Predictions on Unknown Attacks
I generated predictions for the out-of-sample data (attacks with unknown attribution):
y_new_logreg = logreg_grid_search.predict(x_new_dtm,delegate='estimator')
y_new_knn = knn.predict(x_new_dtm)
y_new_nb = nb_model.predict(x_new_dtm.toarray())
y_new_tree = tree_grid_search.predict(x_new_dtm,delegate='estimator')
y_new_forest = forest_grid_search.predict(x_new_dtm,delegate='estimator')
y_new_svc = svc_grid_search.predict(x_new_dtm,delegate='estimator')

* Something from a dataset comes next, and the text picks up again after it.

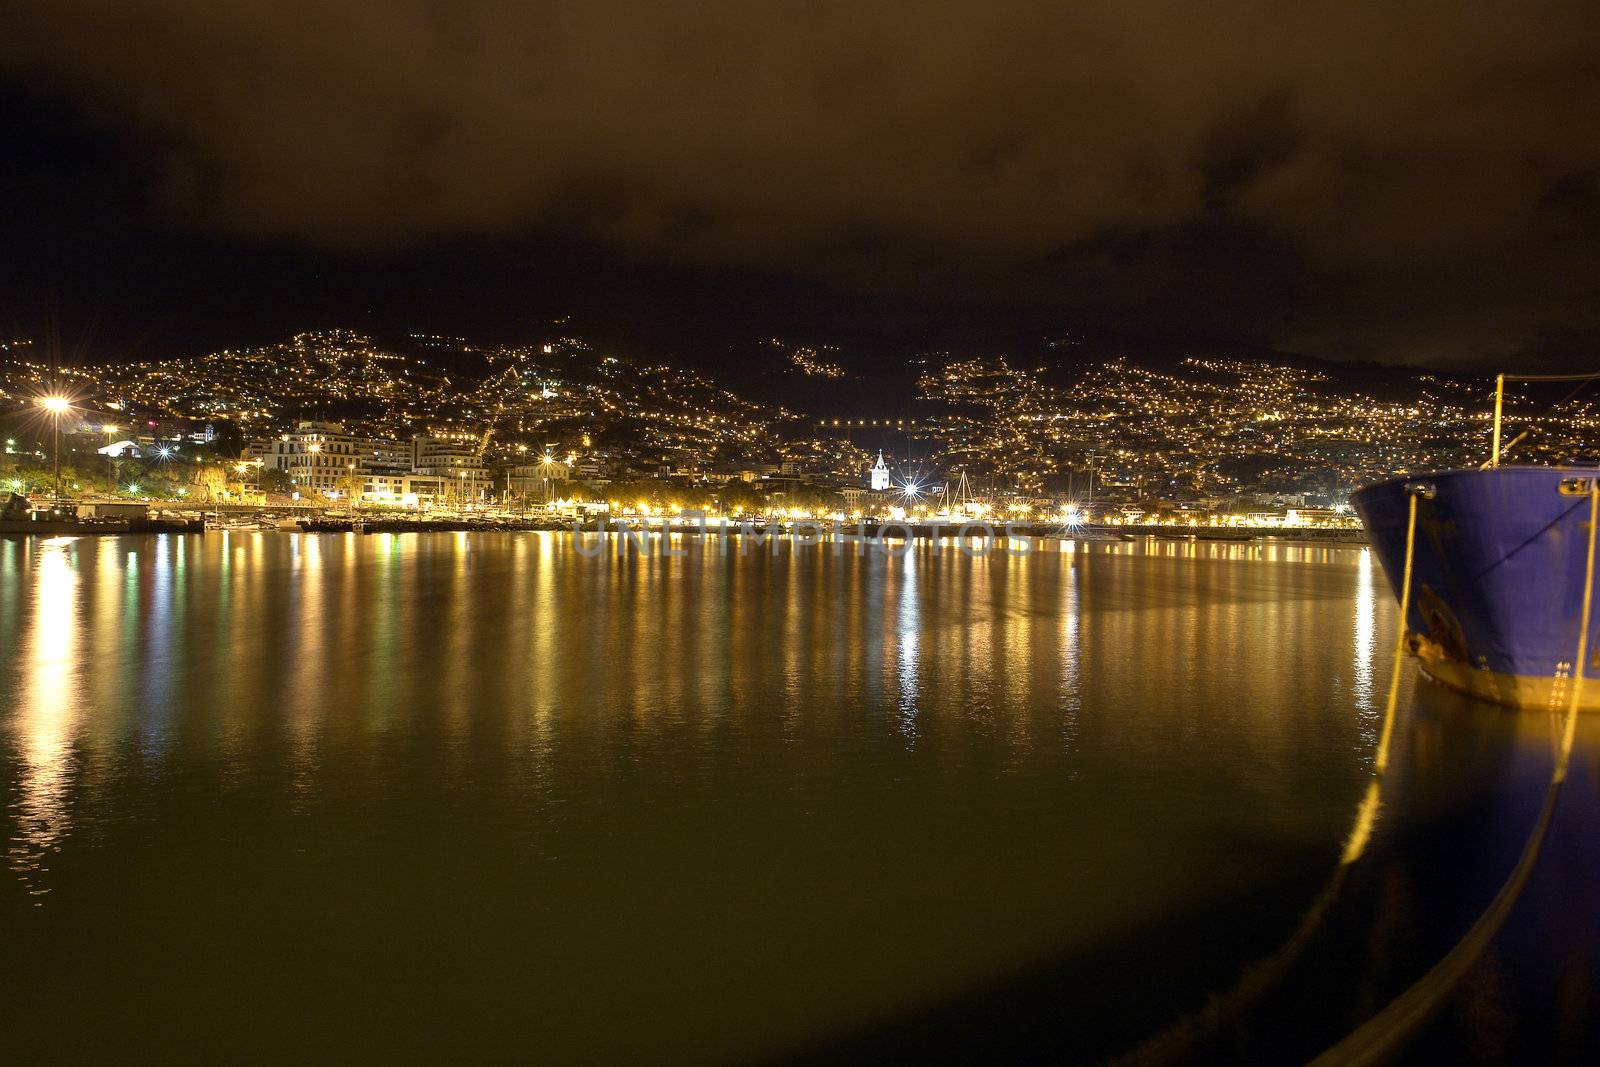 Night photo of a city by the sea in Funchal

Limitations & Considerations
It's important to note that these models were tested on a dataset with data starting from 1998, and terrorist attack groups were filtered to include only groups that appeared at least 50 times in the dataset. This filtering ensures sufficient training data but may limit the model's ability to identify smaller or newer terrorist organizations.
Final Thoughts
This project demonstrated the power of combining structured numeric data with unstructured text features to solve complex classification problems. The high accuracy achieved suggests that terrorist groups exhibit identifiable patterns in their attack characteristics—patterns that machine learning can detect and use for attribution.
While the models show strong performance on historical data, real-world application would require continuous updates as new groups emerge and existing groups evolve their tactics. The framework developed here provides a solid foundation for ongoing analysis and could potentially assist intelligence agencies in attributing attacks where responsibility is unclear or disputed.